There is a six-way roundabout in the center of town, with a hexagonal loop road around it, named Circle Street, contrary to its shape.

==Demographics==

Historical population
| Census | Pop. | Note | %± |
| 1880 | 61 |  | — |
| 1890 | 63 |  | 3.3% |
| 1900 | 75 |  | 19.0% |
| 1910 | 73 |  | −2.7% |
| 1920 | 125 |  | 71.2% |
| 1930 | 150 |  | 20.0% |
| 1940 | 339 |  | 126.0% |
| 1950 | 374 |  | 10.3% |
| 1960 | 477 |  | 27.5% |
| 1970 | 546 |  | 14.5% |
| 1980 | 564 |  | 3.3% |
| 1990 | 511 |  | −9.4% |
| 2000 | 606 |  | 18.6% |
| 2010 | 569 |  | −6.1% |
| 2020 | 585 |  | 2.8% |
U.S. Decennial Census

===2020 census===

Newton Grove racial composition
| Race | Number | Percentage |
|---|---|---|
| White (non-Hispanic) | 400 | 68.38% |
| Black or African American (non-Hispanic) | 80 | 13.68% |
| Native American | 4 | 0.68% |
| Asian | 4 | 0.68% |
| Other/Mixed | 19 | 3.25% |
| Hispanic or Latino | 78 | 13.33% |

As of the 2020 United States census, there were 585 people, 249 households, and 154 families residing in the town.

===2000 census===
As of the census of 2000, there were 606 people, 223 households, and 152 families residing in the town. The population density was 197.2 PD/sqmi. There were 240 housing units at an average density of 78.1 /sqmi. The racial makeup of the town was 77.72% White, 11.39% African American, 0.50% Native American, 0.17% Asian, 8.75% from other races, and 1.49% from two or more races. Hispanic or Latino of any race were 14.19% of the population.

There were 223 households, out of which 26.0% had children under the age of 18 living with them, 54.3% were married couples living together, 11.2% had a female householder with no husband present, and 31.8% were non-families. 30.0% of all households were made up of individuals, and 14.3% had someone living alone who was 65 years of age or older. The average household size was 2.55 and the average family size was 3.15.

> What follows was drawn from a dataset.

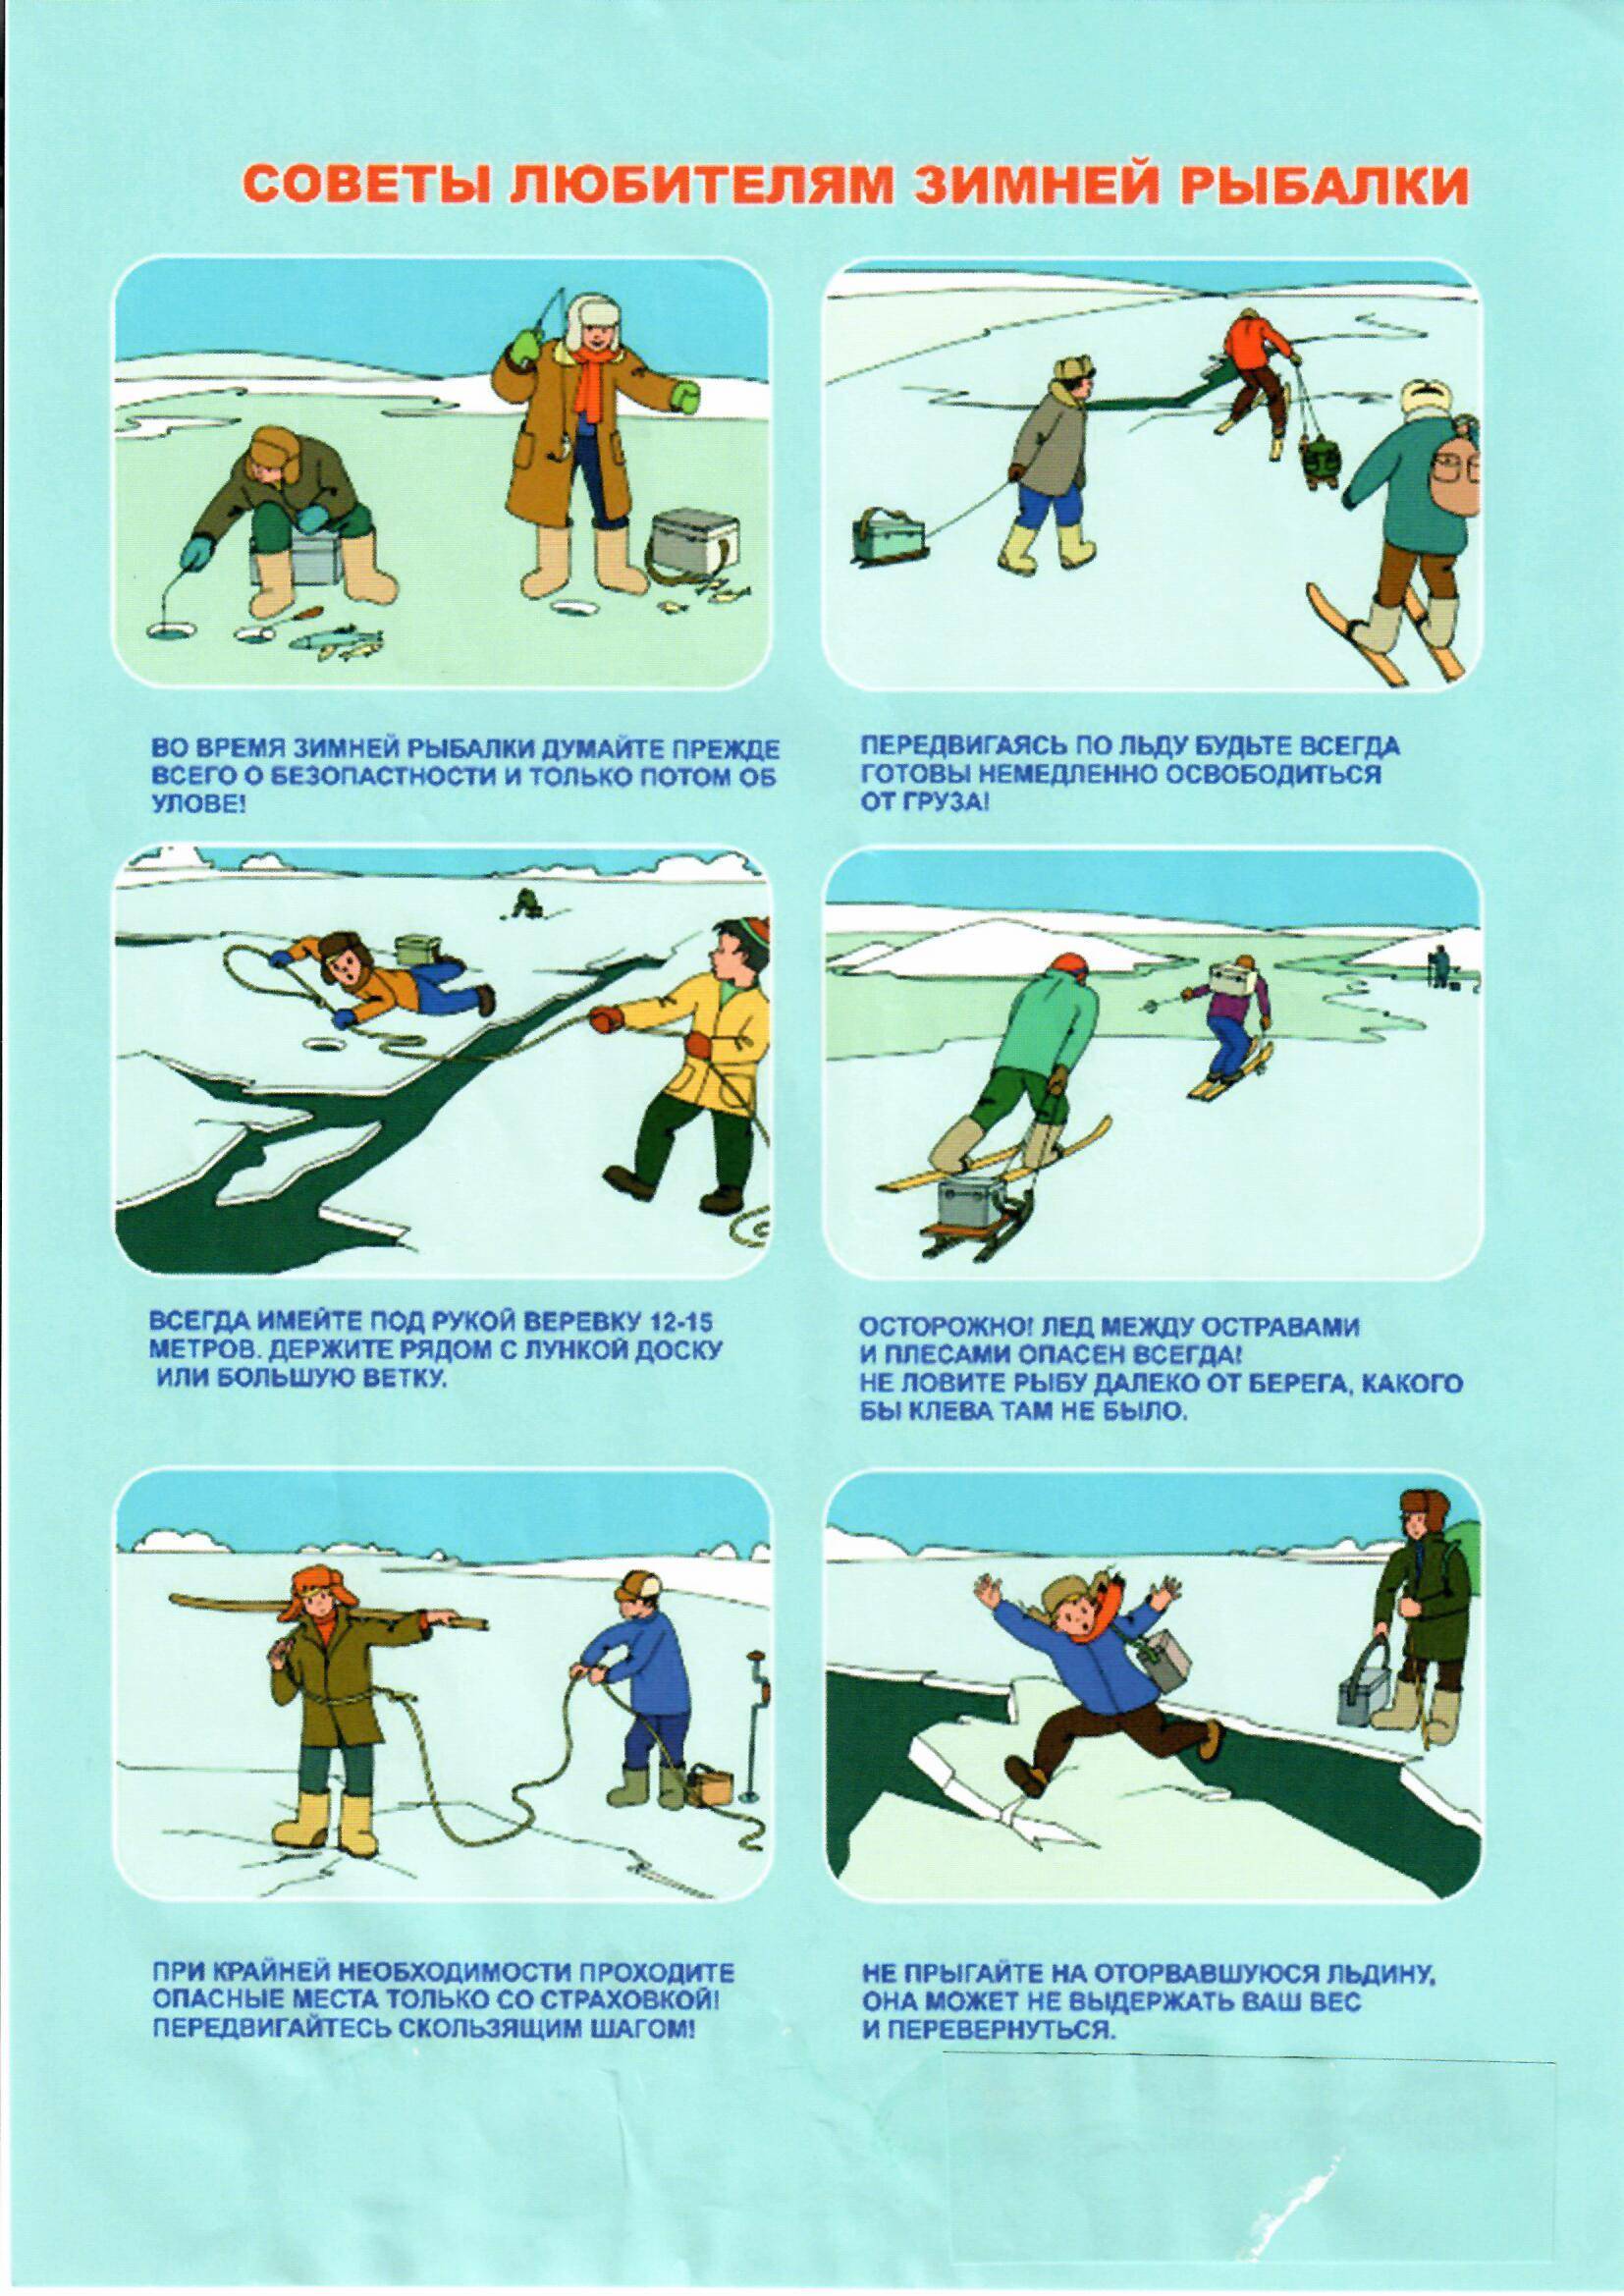 Правила поведения на льду зимой для школьников: тонкий лед, памятка для школьников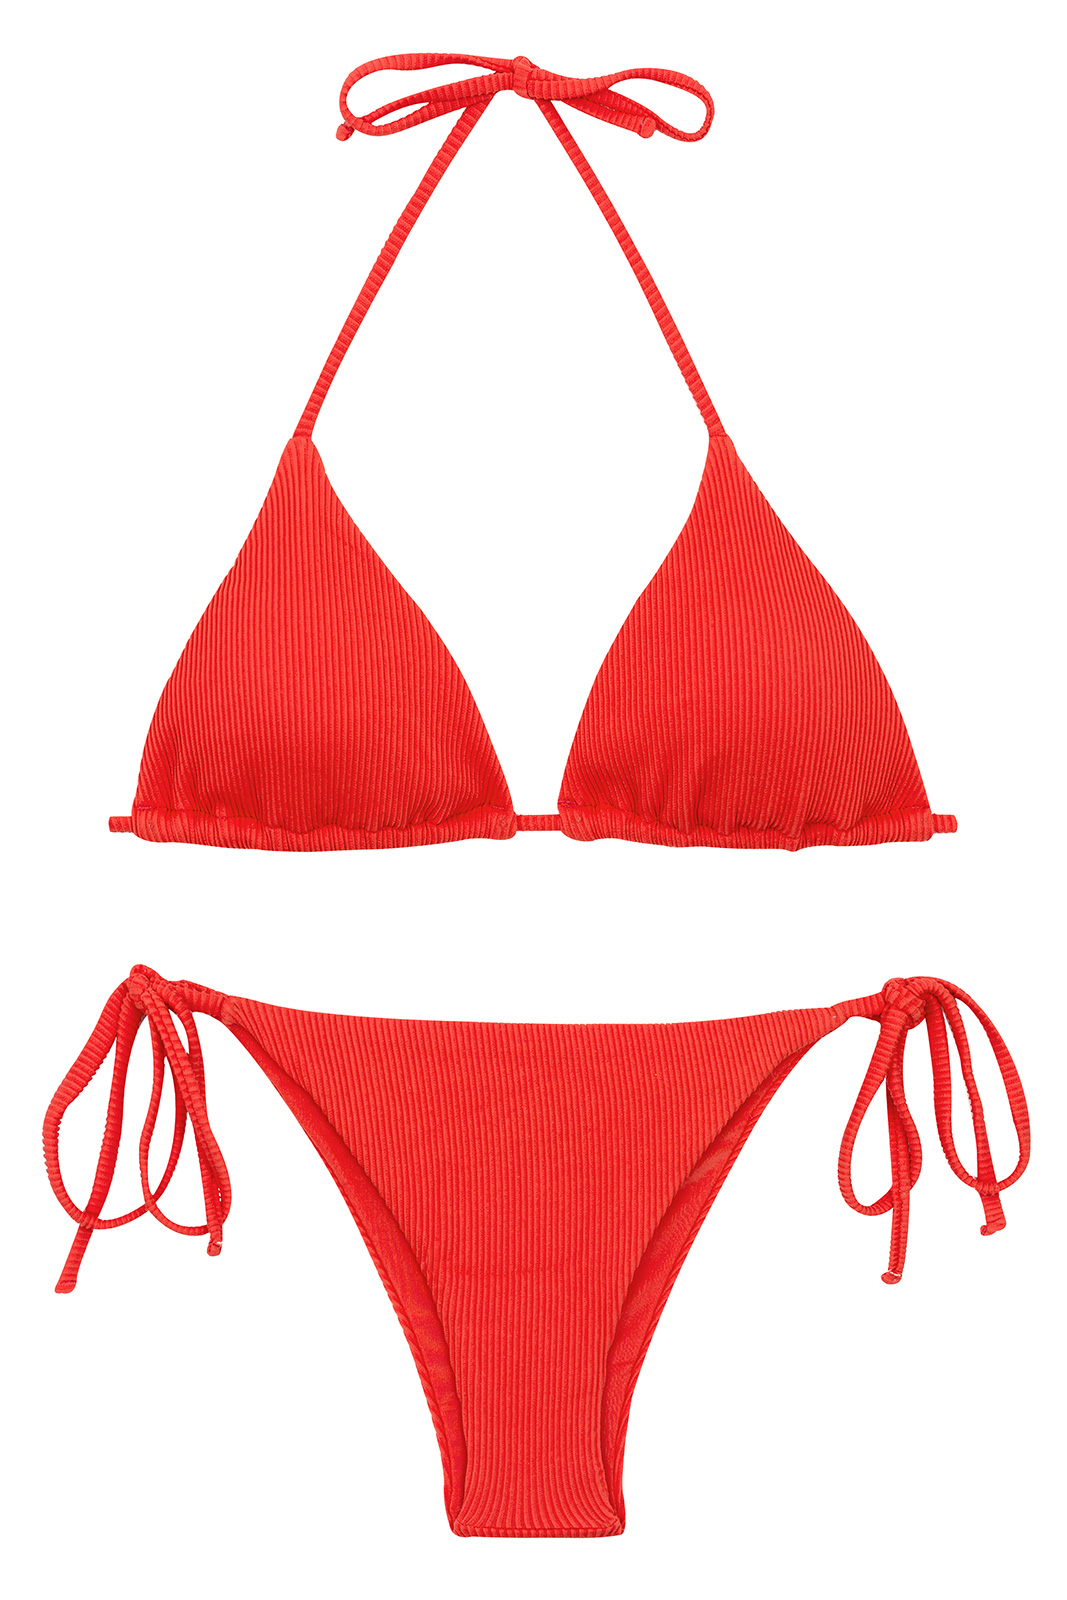 bewaker emotioneel water Red Ribbed Side-tied Brazilian Bikini - Set Cotele-tomate Tri-inv Ibiza -  Rio de Sol

In the town, the population was spread out, with 20.6% under the age of 18, 9.6% from 18 to 24, 25.4% from 25 to 44, 21.8% from 45 to 64, and 22.6% who were 65 years of age or older. The median age was 42 years. For every 100 females, there were 85.3 males. For every 100 females age 18 and over, there were 82.9 males.

The median income for a household in the town was $35,000, and the median income for a family was $51,250. Males had a median income of $31,667 versus $37,750 for females. The per capita income for the town was $19,295. About 7.0% of families and 11.1% of the population were below the poverty line, including 10.3% of those under age 18 and 14.3% of those age 65 or over.

==Education==
Newton Grove is home to Hobbton High School, a small 1A division school established in 1957.